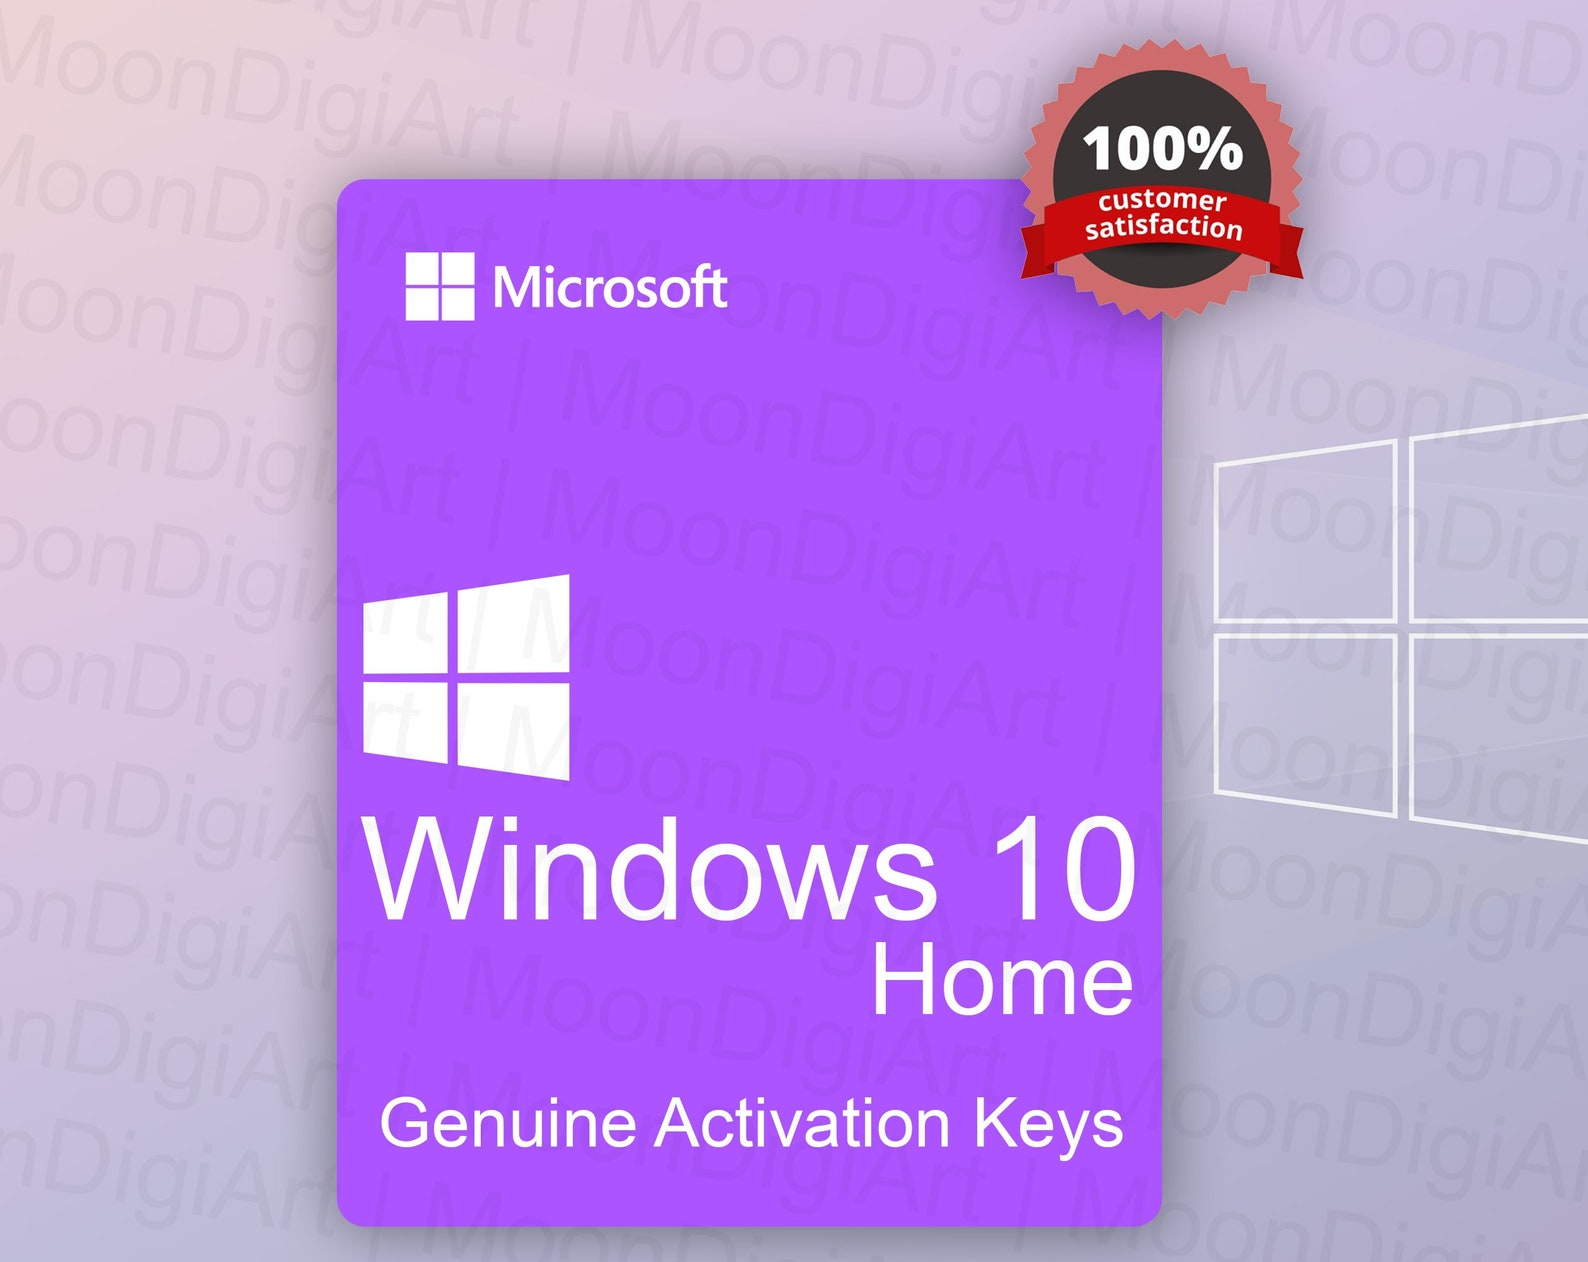 Windows 10 Home License Key (32-64 Bit) | Windows 10 Pro Product Activation License Serial Key, Global Activation
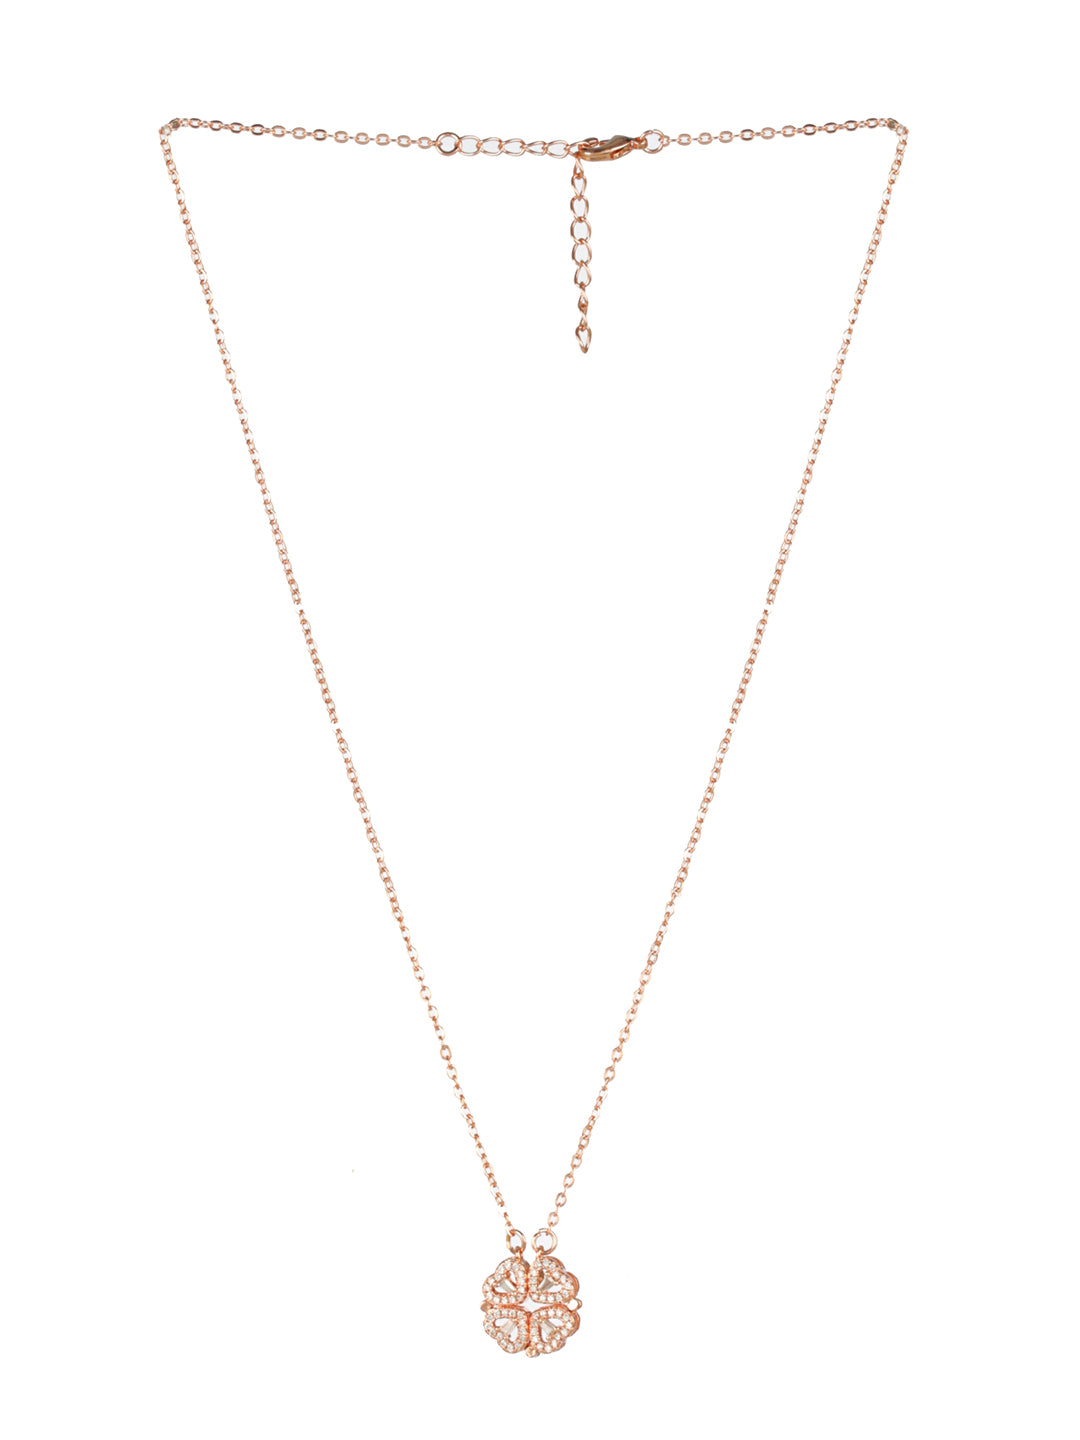 Priyaasi Hearts American Diamond Rose Gold-Plated Necklace
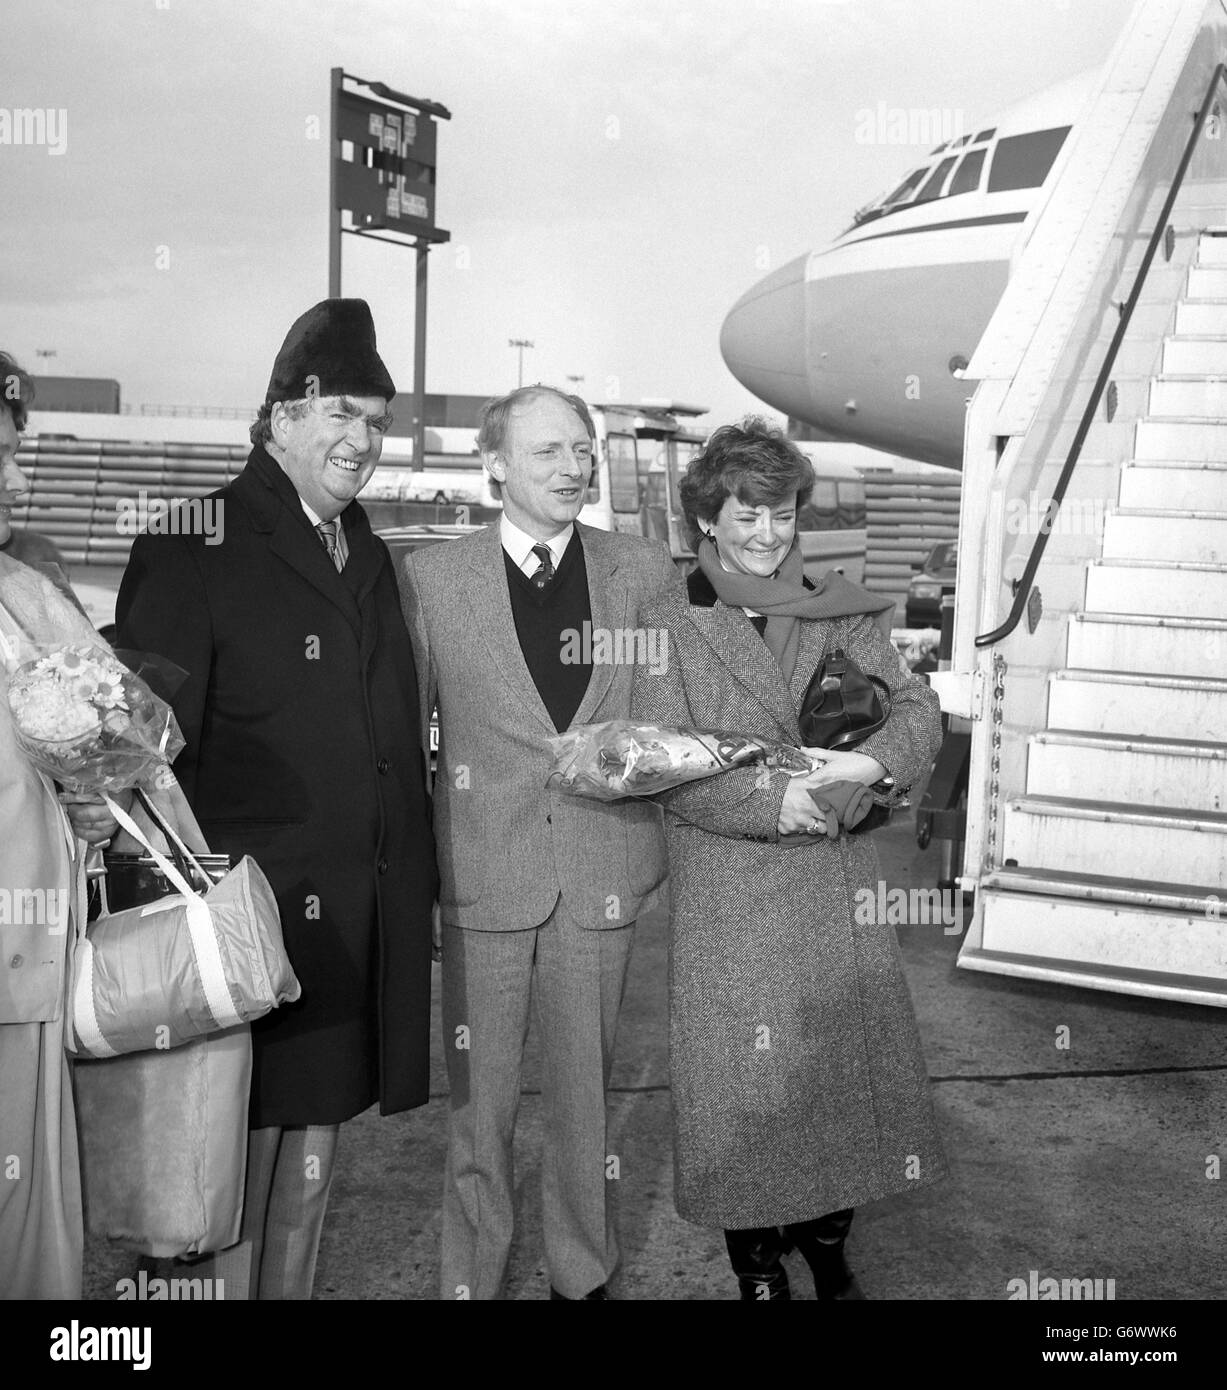 Labour leader Neil Kinnock (centre), with his wife Glenys and Shadow Foreign Secretary Denis Healey, at London Heathrow Airport before flying to the Soviet Union. Stock Photo

WHAT YOU WILL DO: Write out the material above without changing a word, and skip any picture.

TASK OUTPUT:
 Windows 10 Home License Key (32-64 Bit) | Windows 10 Pro Product Activation License Serial Key, Global Activation
 Priyaasi Hearts American Diamond Rose Gold-Plated Necklace
 Labour leader Neil Kinnock (centre), with his wife Glenys and Shadow Foreign Secretary Denis Healey, at London Heathrow Airport before flying to the Soviet Union. Stock Photo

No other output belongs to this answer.